An emerging threat that endangers human life is the resistance of bacteria and other pathogens to antibiotics and other antimicrobials.
Many antibiotics can no longer work on an increasing number of patients in a wide range of ailments, including TB, malaria, gonorrhoea and stomach ailments. Diseases that were once easily cured are now developing resistance, meaning the drugs don't work anymore. We have stark warnings from top public health offices like the WHO Director General Margaret Chan and the United Kingdom's Chief Medical Office Dame Sally Davies, that we are approaching a post antibiotic era. In the future, even a simple scratch on a child's knee or infection during surgery could lead to death, according to these officials.

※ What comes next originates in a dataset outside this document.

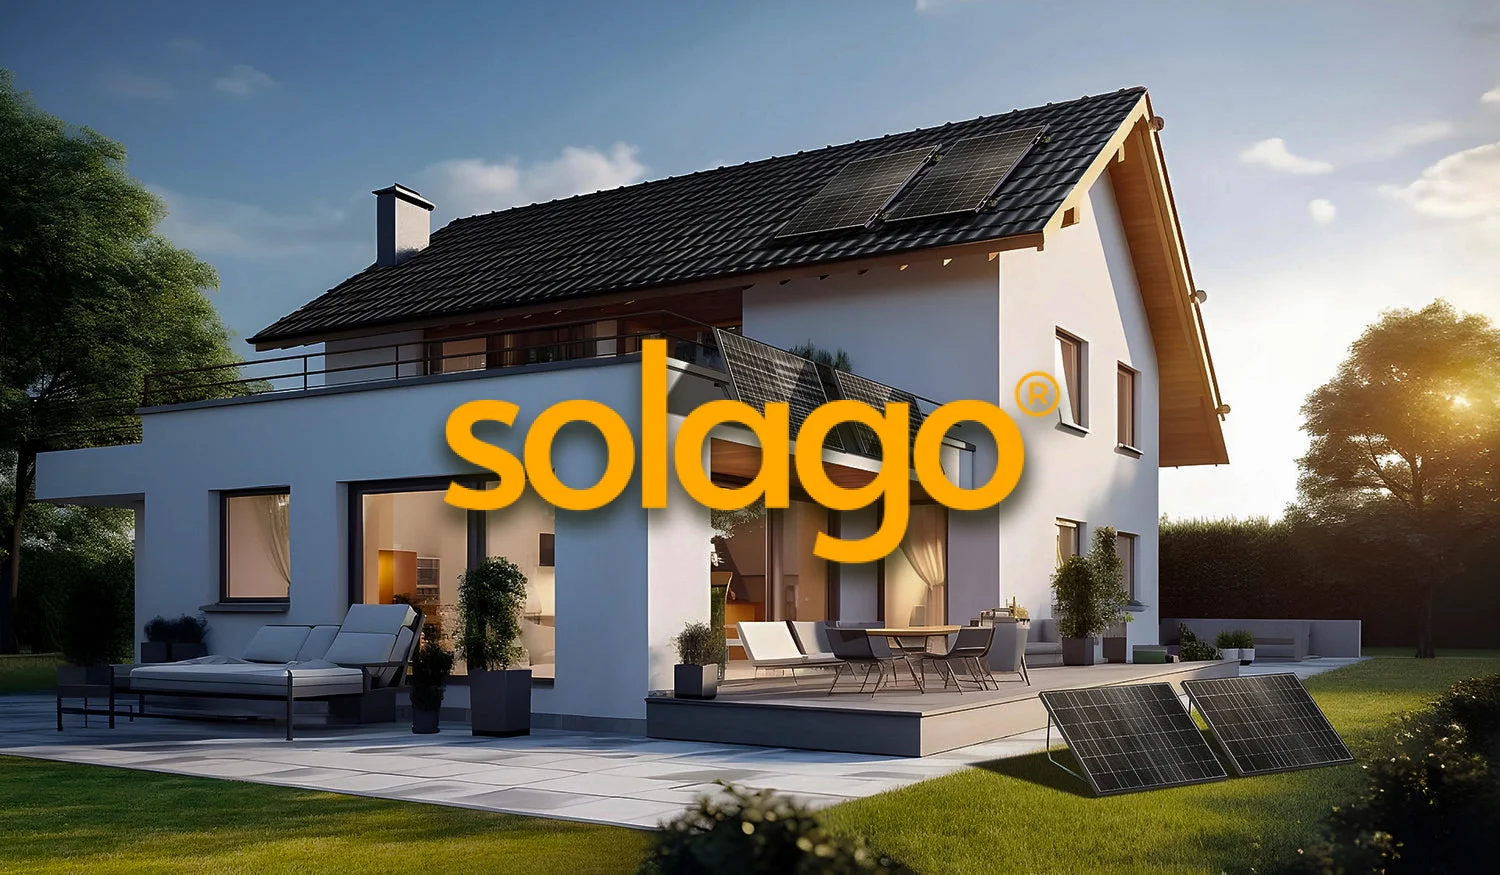 Solago GmbH - Erfahrungen mit dem Balkonkraftwerk Anbieter

Last September, political leaders meeting at the UN General Assembly pledged to take serious action to deal with antibiotic resistance. A coordinating group from UN agencies and selected individuals has been formed to review the situation and to recommend further action.
Finally, the World Health Assembly May this year will be electing a new Director General for the WHO. There are three candidates from Pakistan, Ethiopia and the United Kingdom. May the successful candidate do a superb job in addressing all the ailments, diseases and problems in world health.
(Martin Khor is Executive Director of the South Centre, a think tank for developing countries, based in Geneva).